Python WebSocket Client

import asyncio
import websockets
import json
from typing import Callable, Set

class AsyncExchangeRateWebSocket:
    """
    Asynchronous WebSocket client for exchange rates.
    """

    def __init__(self, ws_url: str, api_key: str):
        self.ws_url = f"{ws_url}?api_key={api_key}"
        self.ws = None
        self.callbacks = []
        self.subscribed_pairs: Set[str] = set()

    async def connect(self):
        """Establish WebSocket connection."""
        self.ws = await websockets.connect(self.ws_url)
        print("WebSocket connected")

        # Resubscribe to pairs
        if self.subscribed_pairs:
            await self.subscribe(list(self.subscribed_pairs))

    async def subscribe(self, pairs: list):
        """Subscribe to currency pairs."""
        self.subscribed_pairs.update(pairs)

        message = {
            'action': 'subscribe',
            'pairs': pairs
        }
        await self.ws.send(json.dumps(message))

    async def listen(self):
        """Listen for incoming messages."""
        try:
            async for message in self.ws:
                data = json.loads(message)
                await self.handle_message(data)

        except websockets.exceptions.ConnectionClosed:
            print("Connection closed, attempting to reconnect...")
            await asyncio.sleep(5)
            await self.connect()
            await self.listen()

    async def handle_message(self, data: dict):
        """Process incoming message."""
        for callback in self.callbacks:
            try:
                if asyncio.iscoroutinefunction(callback):
                    await callback(data)
                else:
                    callback(data)
            except Exception as e:
                print(f"Callback error: {e}")

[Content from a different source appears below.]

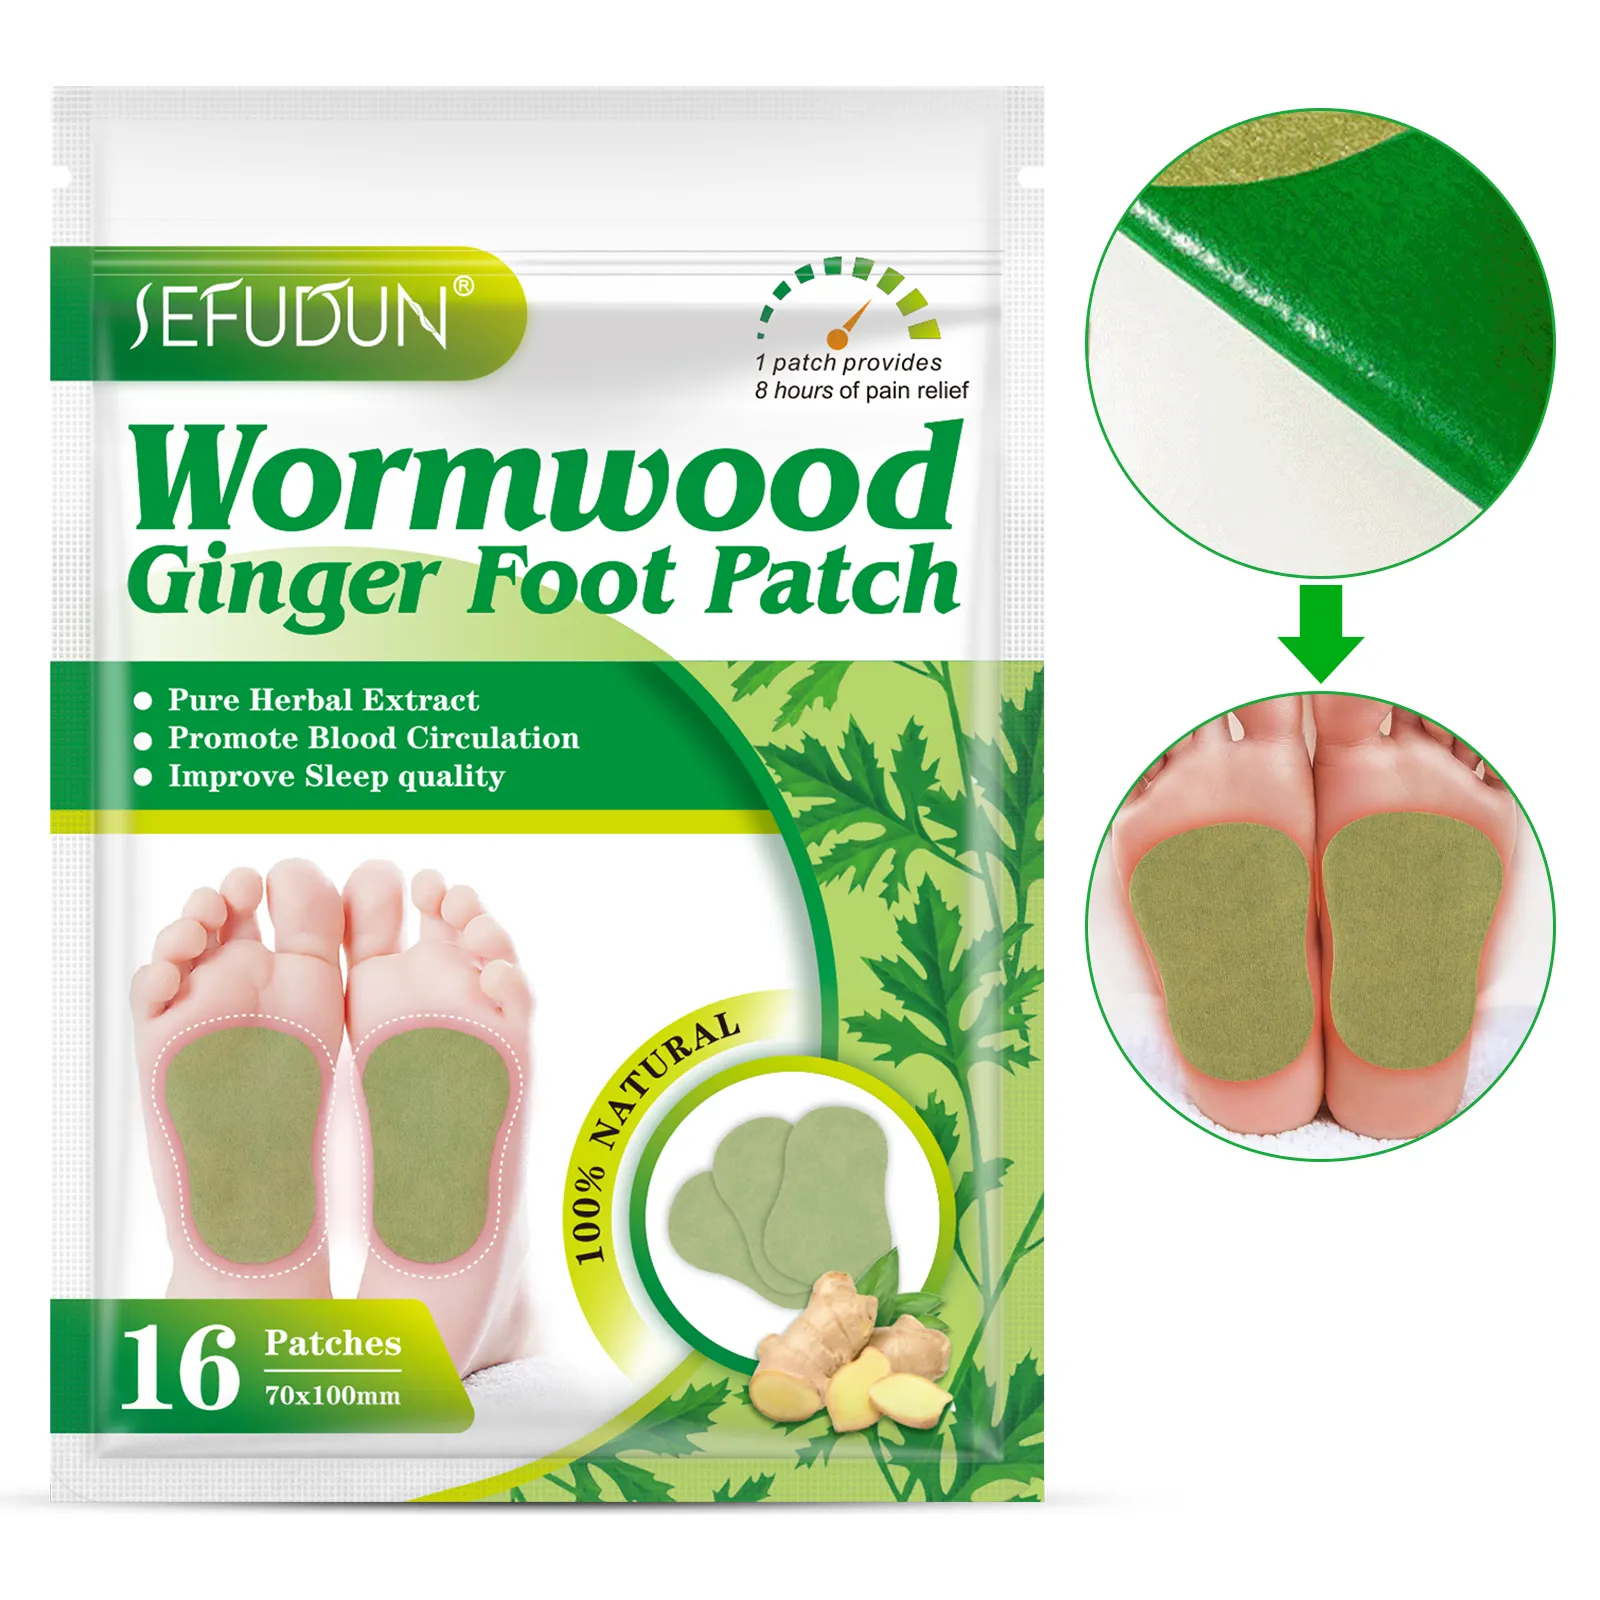 SEFUDUN Pure Natural Wormwood Ginger Foot Patch Detoxification Skin-friendly Soft Pain Relief Foot Patches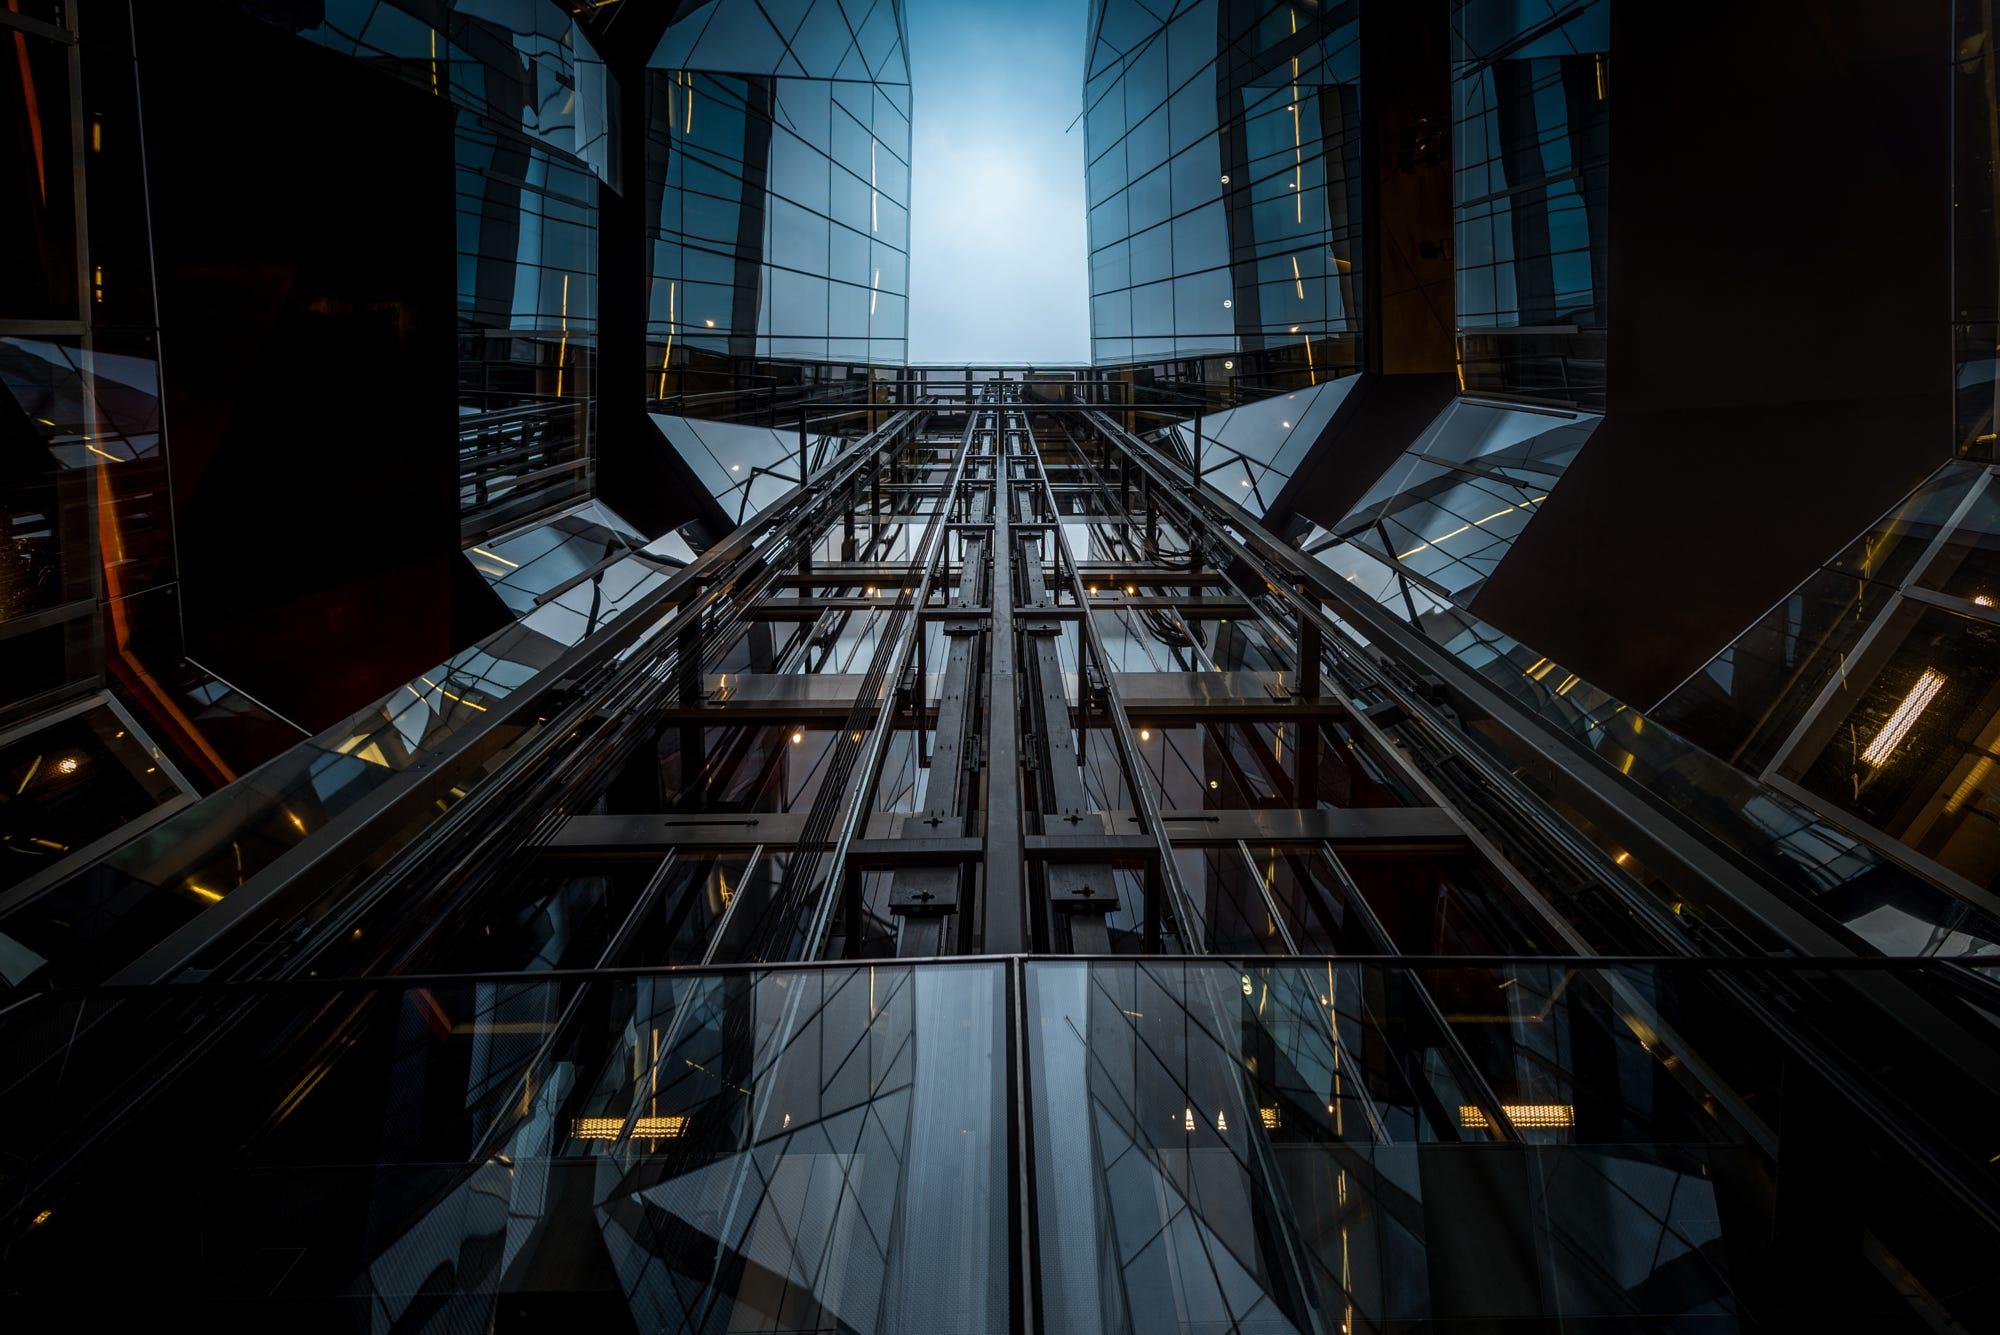 The Great Glass Elevator

    def on_update(self, callback: Callable):
        """Register update callback."""
        self.callbacks.append(callback)

    async def disconnect(self):
        """Close WebSocket connection."""
        if self.ws:
            await self.ws.close()

# Usage
async def main():
    client = AsyncExchangeRateWebSocket(
        'wss://api.example.com/v1/rates',
        'your_api_key'
    )

    client.on_update(lambda data: print(f"Update: {data}"))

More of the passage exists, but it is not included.